As I approached my childhood home I decided to slow down and decided to leave my car parked a street away from the house. I may not have any sort of training but there was a reason I chose a career where I could work alone. People were crazy. They were unpredictable, unreliable and far too emotional. My sister was all of that and more. I had no idea if she would see me as friend or foe, and had no idea what I was walking into.

Instead of going in guns blazing I decided to try and get an idea of what was happening. I didn't want to have to hurt my sister, but I couldn't stand by and watch her hurt anyone. I set out at a slight jog, navigating around the back of the houses using a familiar path from my frequent night time excursions in high school.

Once I reached the yard of my family home, I made my way toward the kitchen windows. Using the overgrown trees there to provide coverage, I was grateful my father had put off the task my mother had been harping on for weeks. From there I could get a good view of the main level of the house. Something broke inside of me as I saw the scene inside.

My parents stood horror stricken as Alyssa held Isla at knifepoint. Blood was dripping from both of them and I could just make out Gram's small form sprawled behind Alyssa on the carpet. Jesus Christ what had she done? I crouched down, needing a minute to gather my thoughts and repressing the urge to vomit.

Looking back in, I took some time to actually study Alyssa. I could hear her yelling even though it was muted by the closed windows. Her gestures were wild, her eyes were unfocused and it was obvious she had completely lost it. She was screaming at my parents who looked like they were trying to do whatever they could to not set her off.

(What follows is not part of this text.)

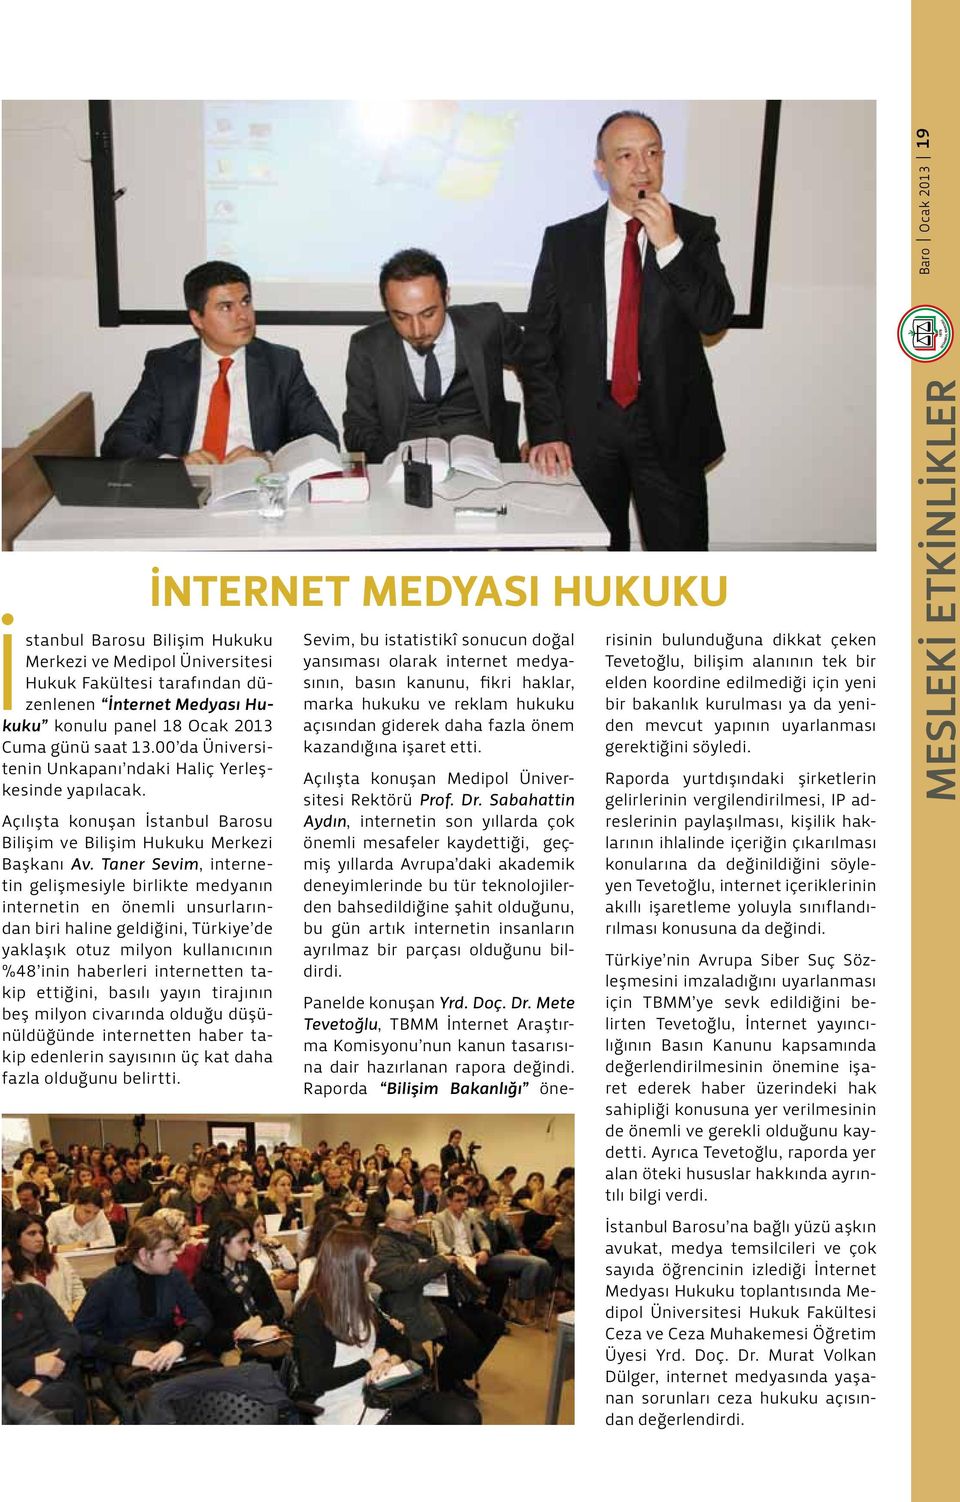 Taner Sevim, internetin gelişmesiyle birlikte medyanın internetin en önemli unsurlarından biri haline geldiğini, Türkiye de yaklaşık otuz milyon kullanıcının %48 inin haberleri internetten takip

We had a side door that Dad usually left open so he could sneak out for a cigar at night. I made my way over to it, grateful to find it unlocked. The door was across from the main entrance. I was behind Alyssa and Isla but my parents would see me as soon as I got close. I prayed they were able to refrain from giving my location away. As quietly as I could, I slid the door open and stepped into the house.

Staying crouched down so I was somewhat covered by the legs from the dining room set, I closed the door behind me. The mood inside was eerie as I quietly crawled my way in. Alyssa was screaming, waving the knife around. I could see blood dripping from Isla's arms and back, she stood frozen amidst Alyssa's unpredictable movements.

"I want to hear you say it first. I want you to admit you choseher over me!" Alyssa screamed, swinging the knife back to Isla suddenly.

I must have moved too fast because my mothers eyes flashed over to mine. I saw the moment she registered my presence but my father caught it too and turned my mother, shoving her face into his chest to disguise any reaction she may have had.

"Alyssa, we love you. You are our daughter. We don't want anyone hurt, please put the knife down."

"LIAR. YOU'RE LYING. YOU JUST DON'T WANT ME TO HURT ISLA." Alyssa screamed, she raised her arms, slapping her head as she muttered to herself. She finally stopped her frantic movements as she turned towards Isla. Determination crossed over Alyssa's face as she pointed the knife at my cousin. Knowing there was no time left I bolted, tackling Alyssa from the side.